Таким образом, то, что со времени Геродота считалось первобытной историей греков, оказывается вымыслом. Но вопрос, послуживший поводом к возникновению сказаний о переселениях, — вопрос, почему эпос дает другую картину размещения греческих народов, чем историческая эпоха, — существует еще и для нас. Ответ на него в настоящее время будет, конечно, другой, чем две с половиной тысячи лет на­зад.

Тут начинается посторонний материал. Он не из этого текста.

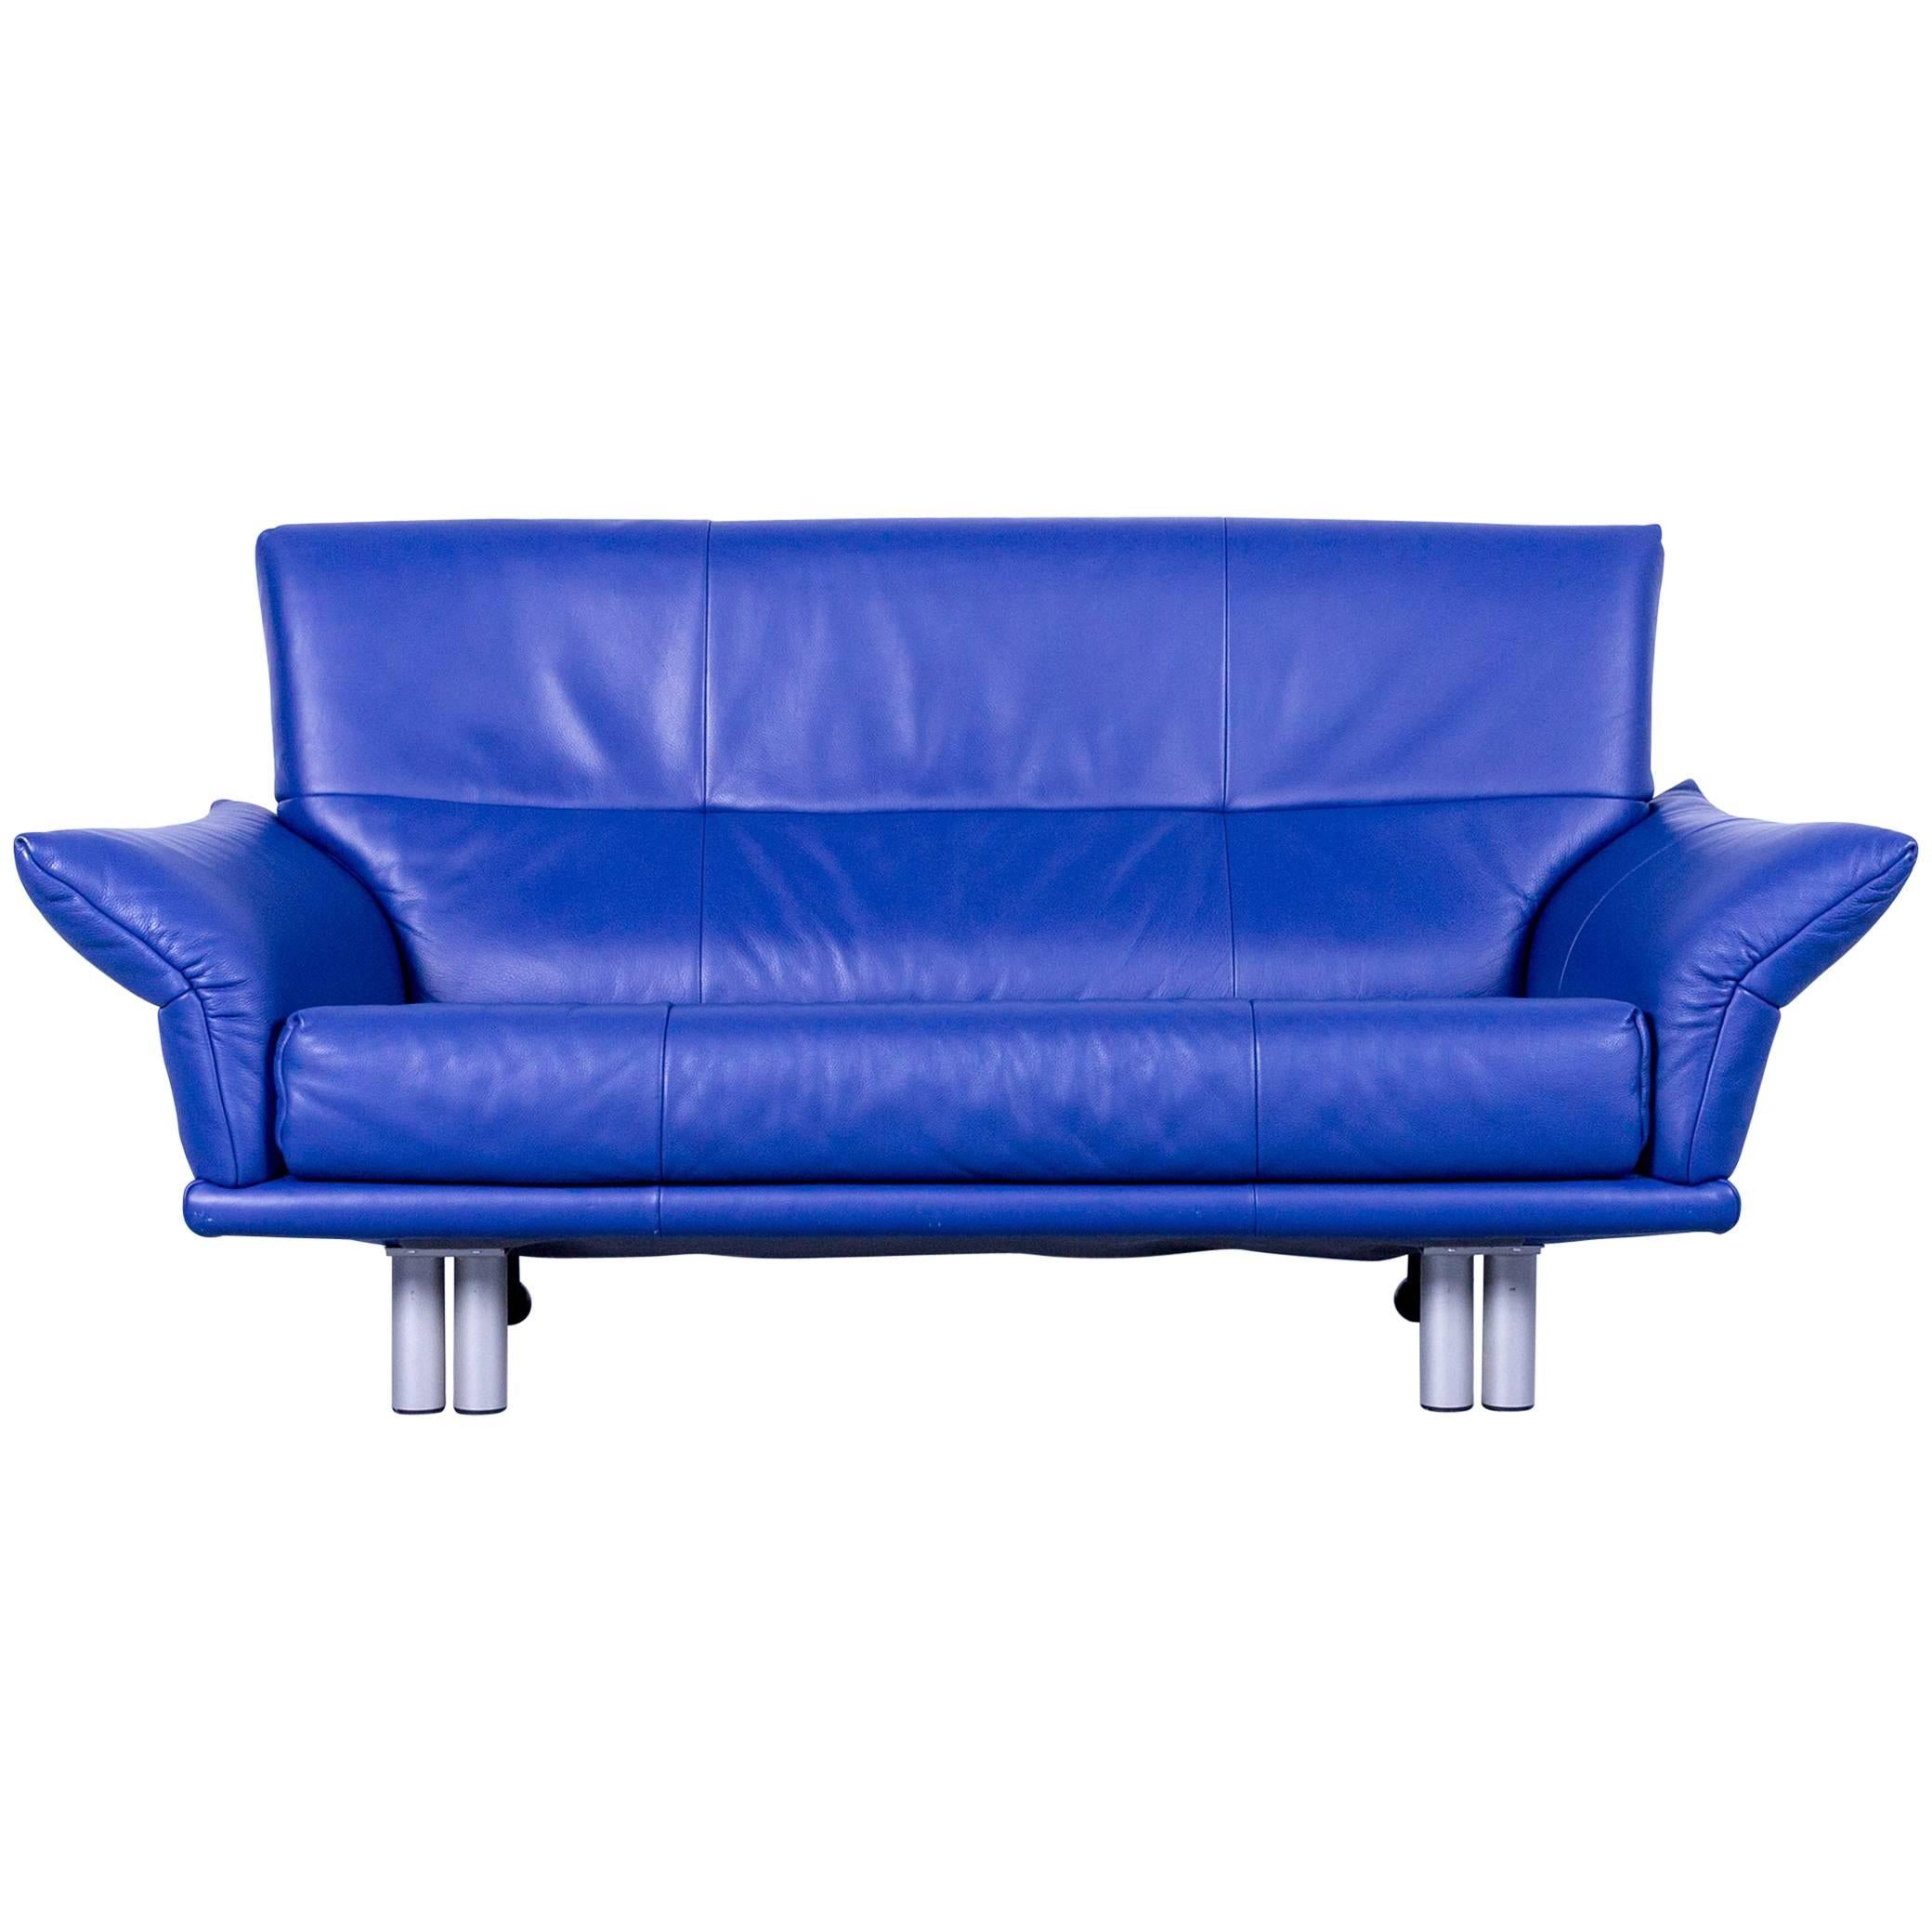 Rolf Benz Bmp Designer Sofa Leather Blue Two-Seat Couch Modern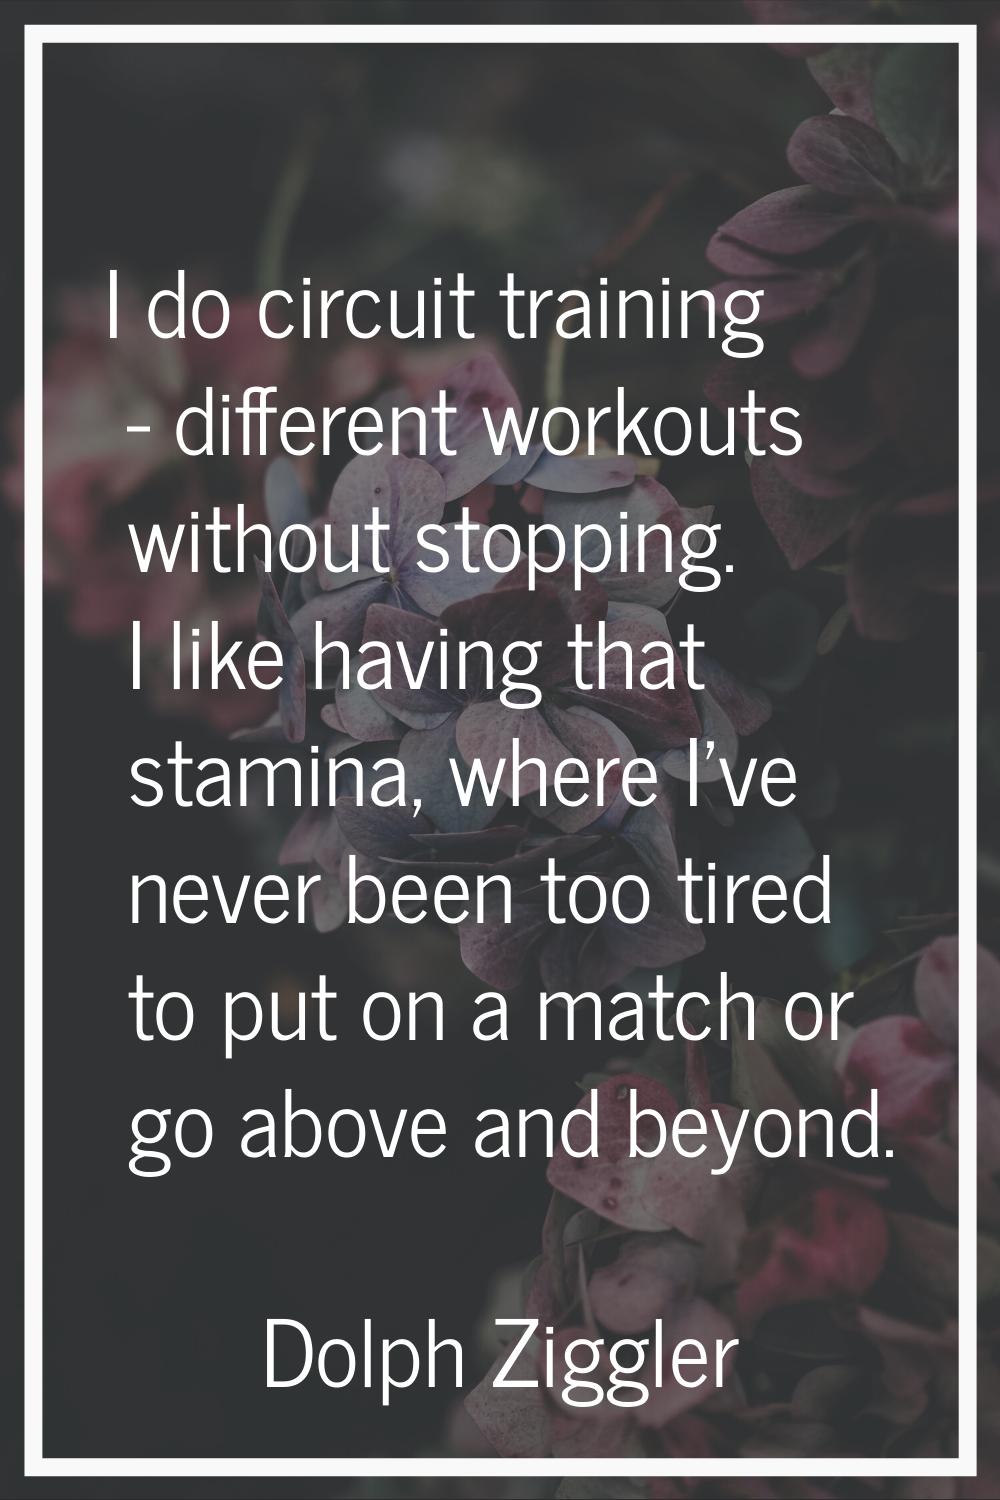 I do circuit training - different workouts without stopping. I like having that stamina, where I've

Эпос определяет войско Агамемнона и вообще всех гре­ков, сражавшихся под Троей, названием аргосцев, ахейцев или данайцев; эти имена уже в древнейших частях „Илиады" употребляются как синонимы. Затем, мы знаем, что не толь­ко в гомеровское время, но еще несколькими веками раньше, до колонизации Крита и Малой Азии, Арголида была насе­лена тем же самым народом, который мы находим там еще в историческую эпоху (выше, с.91). По существу не было бы, конечно, ничего невозможного в том, чтобы этот народ, у которого впоследствии не было общего племенного имени, назывался в доисторическую эпоху ахейцами или данайца­ми, хотя трудно понять, каким образом могло утратиться это племенное имя. Однако данайского народа никогда не было на свете. Данай — древнеаргосский областной герой, кото­рый, по преданию, превратил безводный Аргос в хорошо орошаемую страну; его дочери Данаиды — родниковые ним­фы; с Данаем тесно связана и Даная, мать солнечного героя Персея и, следовательно, тоже богиня. Итак, данайцы — „люди Даная"; они относятся к области мифа, как и он сам, и были перенесены с неба на землю, подобно кадмейцам и минийцам, о которых еще будет речь ниже. Что же касается ахейцев, то их имя в историческую эпоху, как известно, при­надлежало жителям северного побережья Пелопоннеса и южной части Фессалии, и едва ли оно в доисторическое вре­мя распространялось за пределы этих областей. По древ­нейшему преданию, и Агамемнон оказывается фессалийским государем, каким Ахилл остался в предании навсегда. Но в то время, когда в Ионии складывался эпос, пелопоннесский Аргос занимал первое место между всеми другими частями греческого полуострова: естественно, что поэты невольно должны были перенести резиденцию могущественного по­велителя народов из Фессалии в Пелопоннес. За ним должны были, конечно, последовать и его ахейцы.

Так как имя ахейцев у Гомера обнимает все подвласт­ные Агамемнону греческие племена, то оно уже, конечно, не могло служить для обозначения жителей какой-нибудь от­дельной области. Поэтому в эпосе северное побережье Пе­лопоннеса не носит названия Ахеи: эта область называется просто „прибрежной страной", Эгиалос. Отсюда возникло сказание, — если подобные комбинации еще могут быть на­званы сказаниями, — будто ахейцы, изгнанные дорийцами из Лаконии, направились в Эгиалос и назвали страну своим именем. Раньше там будто бы жили ионийцы; поводом к этому предположению послужило, как мы выше указали (с.89), существование святилища геликонского Посейдона на мысе Микале.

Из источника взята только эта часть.